Оба были саратовские, но разных уездов. Деревня Ипата находилась под белыми, в деревне Никона была Советская власть. По приезде в Саратов Ипат узнал, что попасть домой нельзя, и уговорил Никона пойти добровольцем в Красную Армию. Никон уступил неохотно – бродячая жизнь осточертела ему, он тянулся домой. Но Ипат обладал беспокойным духом убеждения, и Никон, всегда возражая, поддавался его предприимчивости.
На марше, возвращаясь не раз к рассказу об Ипате и Никоне и наблюдая их, Кирилл напомнил Дибичу когда-то изумившее толстовское разделение солдат на типы. Они отнесли Никона к типу покорных, а Ипата к типу начальствующих. Но к старым чертам русских солдат и в Никоне и в Ипате с очевидностью прибавились новые.
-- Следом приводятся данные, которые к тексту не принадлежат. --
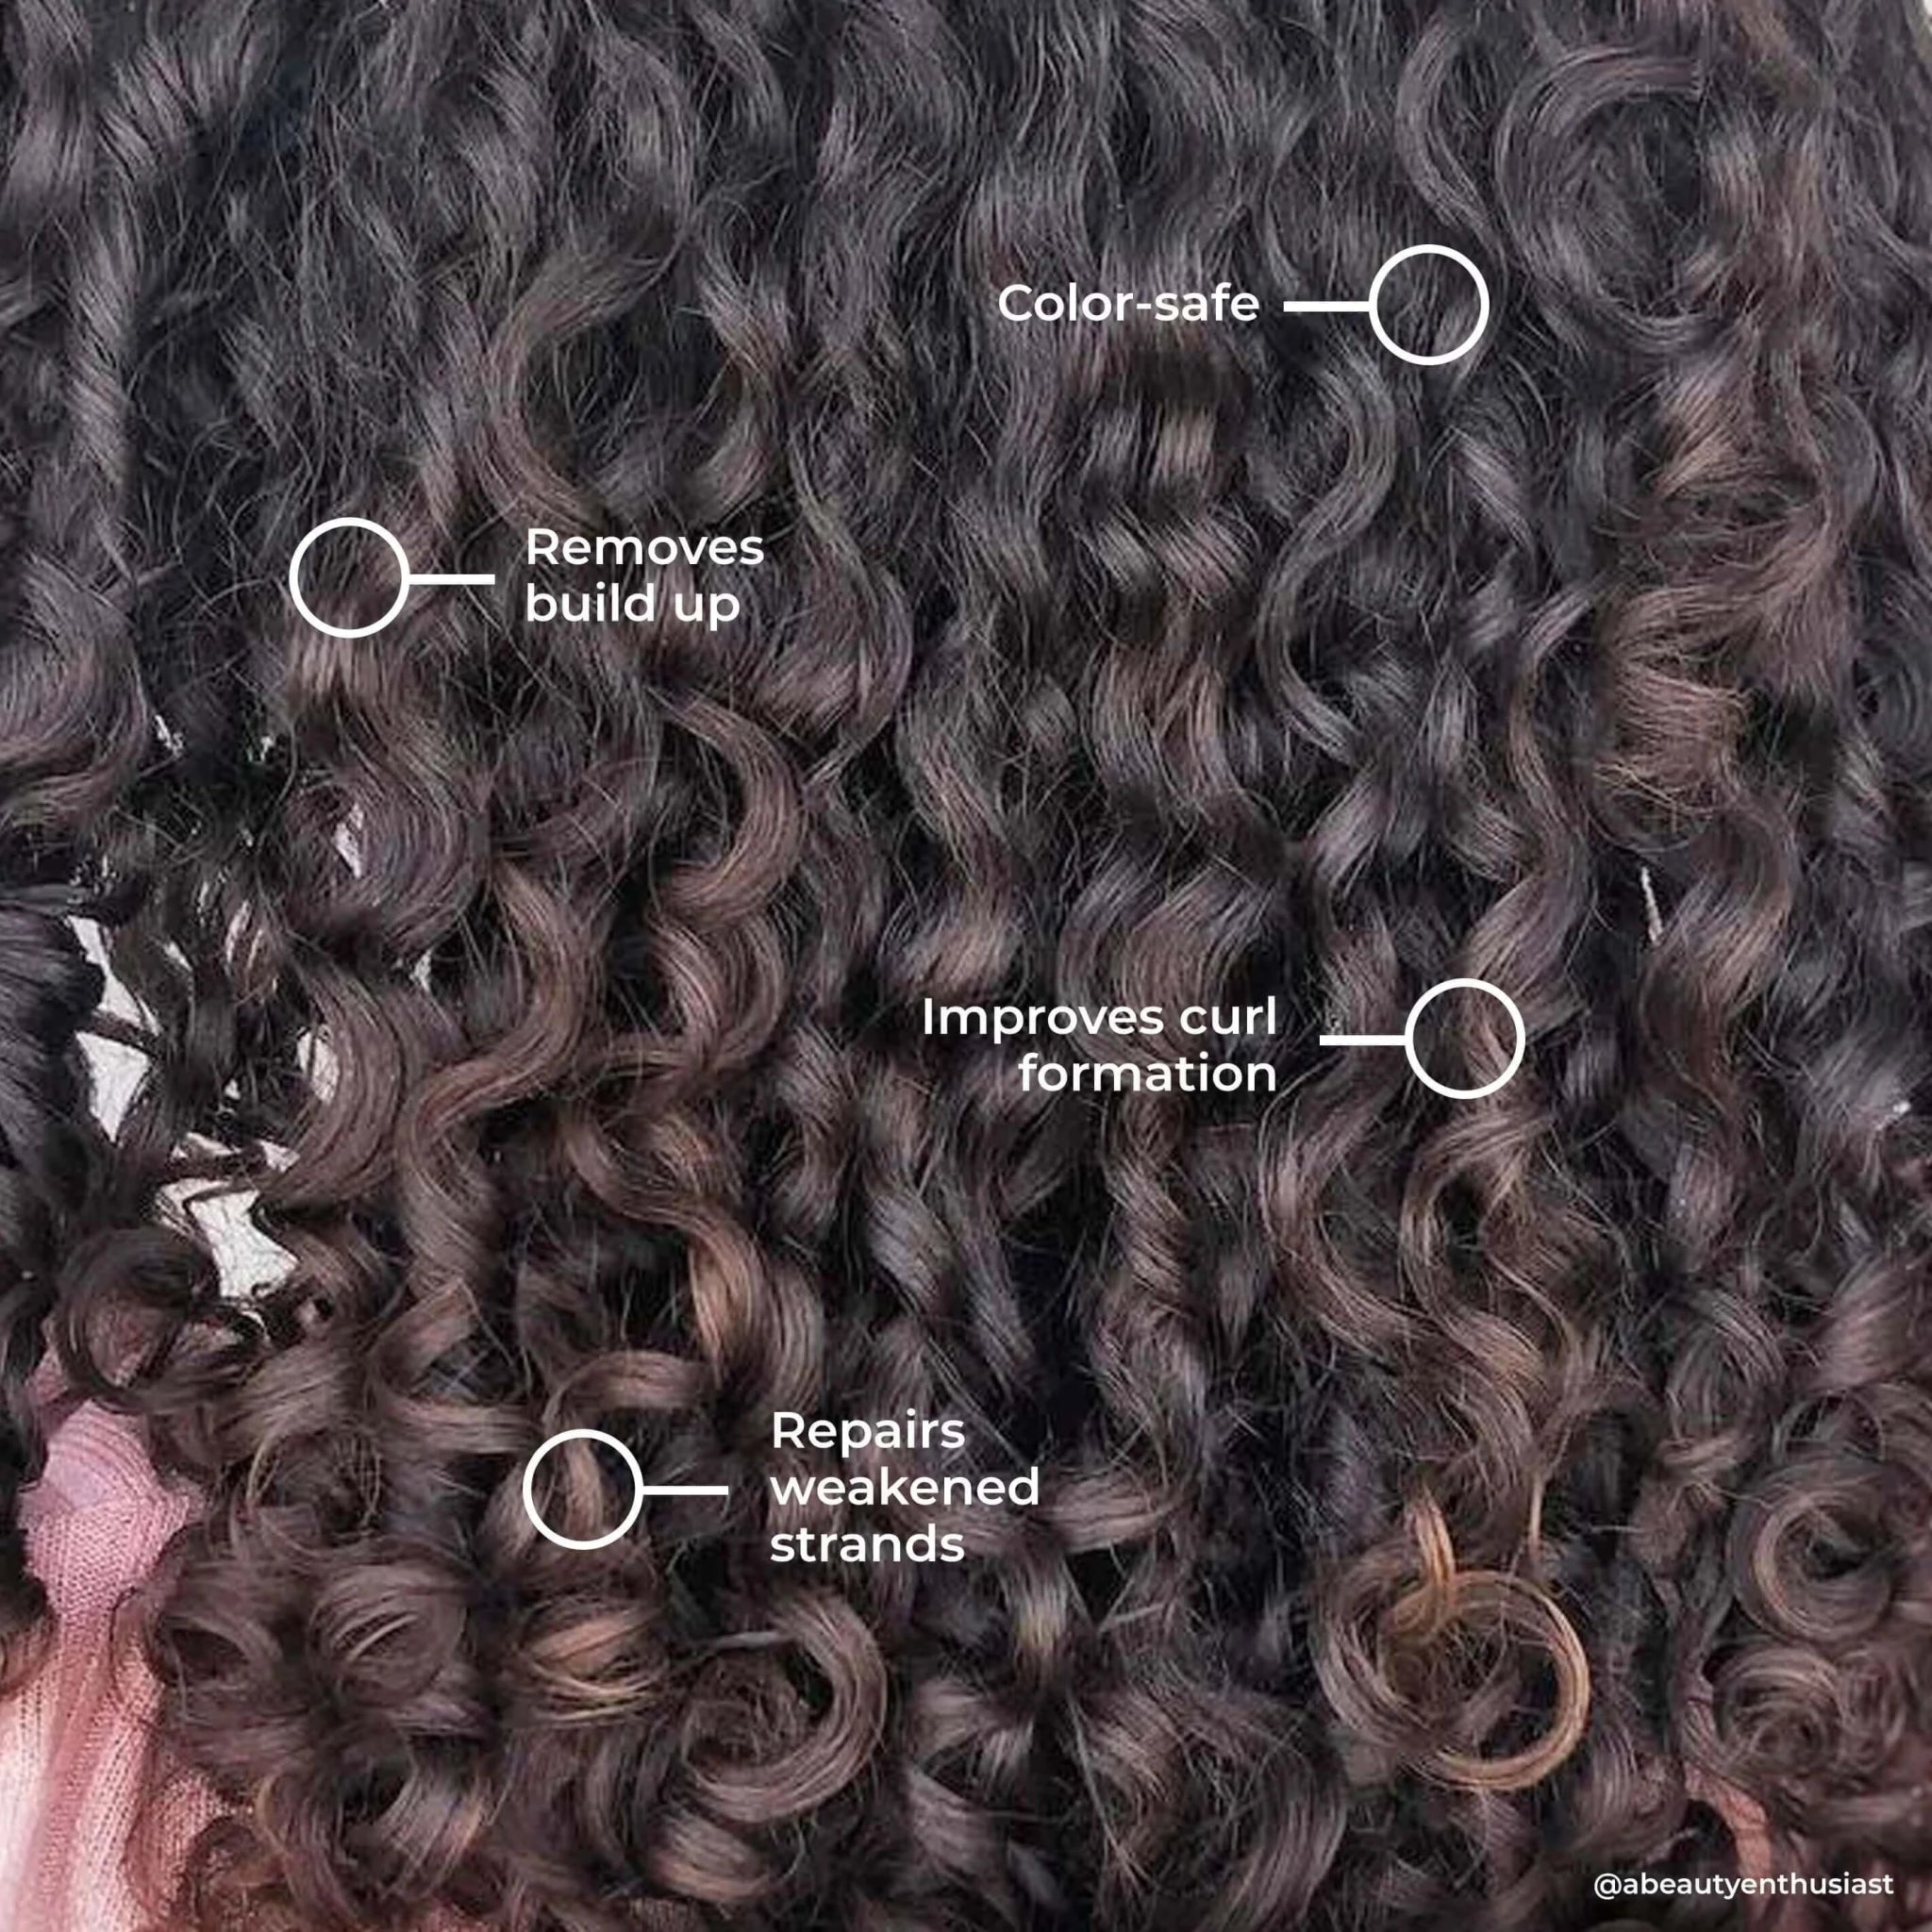 Close-up of curly hair showcasing the benefits of Leaf and Flower Instant Curl Repair Shampoo and Conditioner Duo: removing buildup, improving curl formation, and repairing weakened strands; product is color-safe.
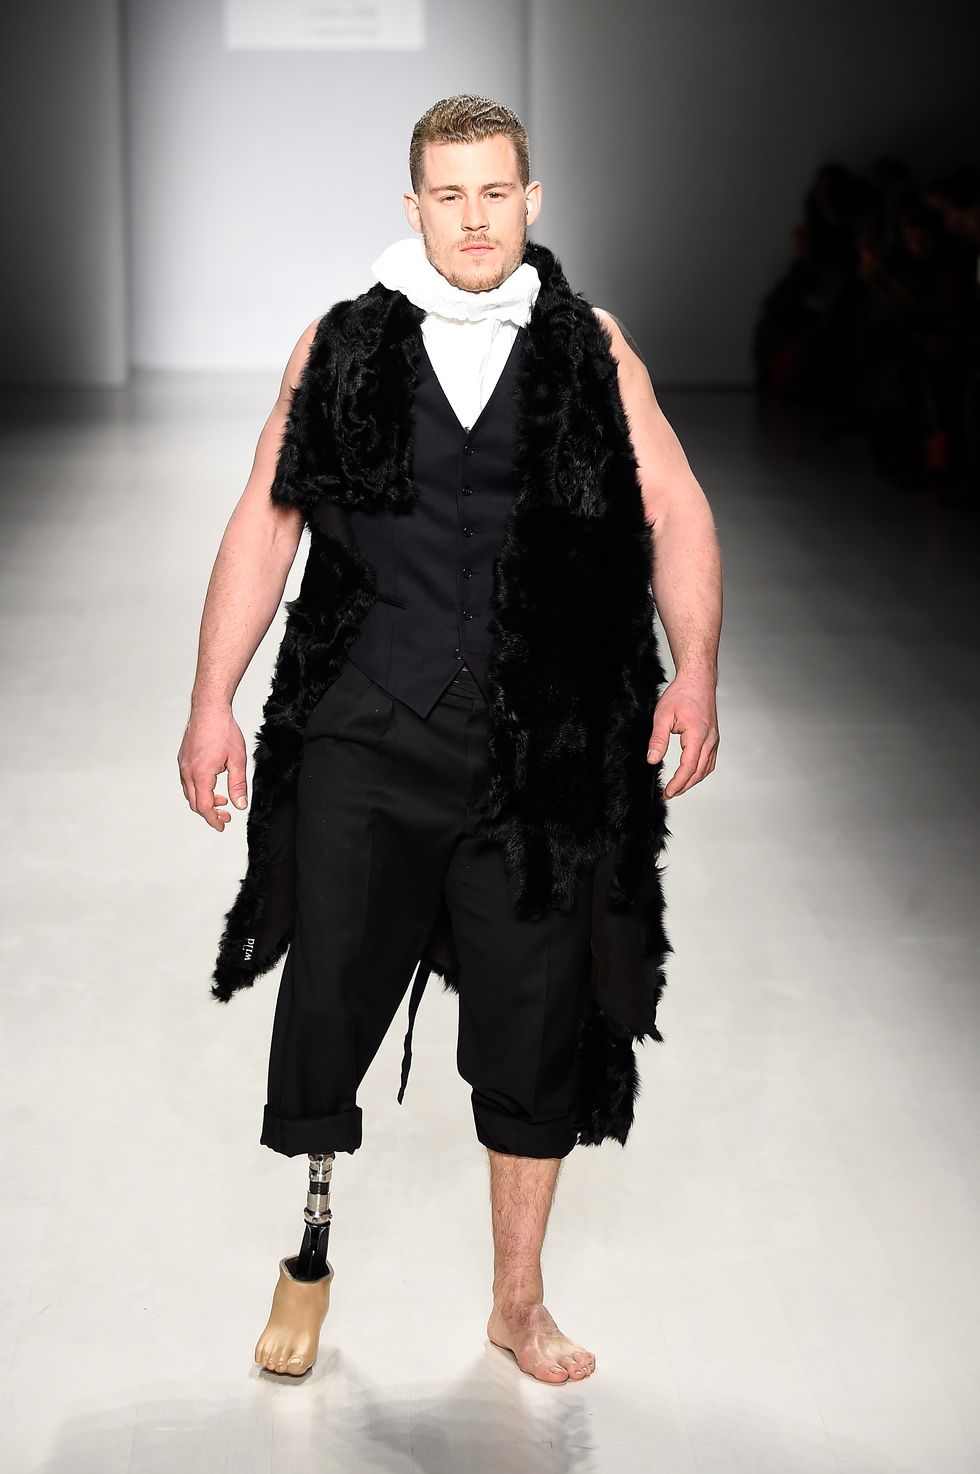 Jack Eyers is the first male model amputee to walk at New York Fashion Week

Никон был расчётливым мечтателем и покорялся обстоятельствам, чтобы вернее уберечь свою мечту и выйти к ней, при случае, наверняка. Ипат был типом начальствующего с явными особенностями времени – типом начальствующего революционного солдата, именно красногвардейцем, взявшим за воинский образец бойцов-рабочих. Пройдя Карпаты, отступив до Орши, приняв участие в изгнании немцев из Украины и в преследовании мятежных чехословаков, он относился к войне с притязанием понимать её до самого корня и немного сердито, как к препятствию, которое, хочешь не хочешь, надо взять.
Глядя сквозь листву на картёжную дуэль, Кирилл припомнил рассказ Дибича о первой встрече с Ипатом во Ртищеве и попутный разговор о Пастухове.
– Он тоже Хвалынский, – сказал о Пастухове Дибич.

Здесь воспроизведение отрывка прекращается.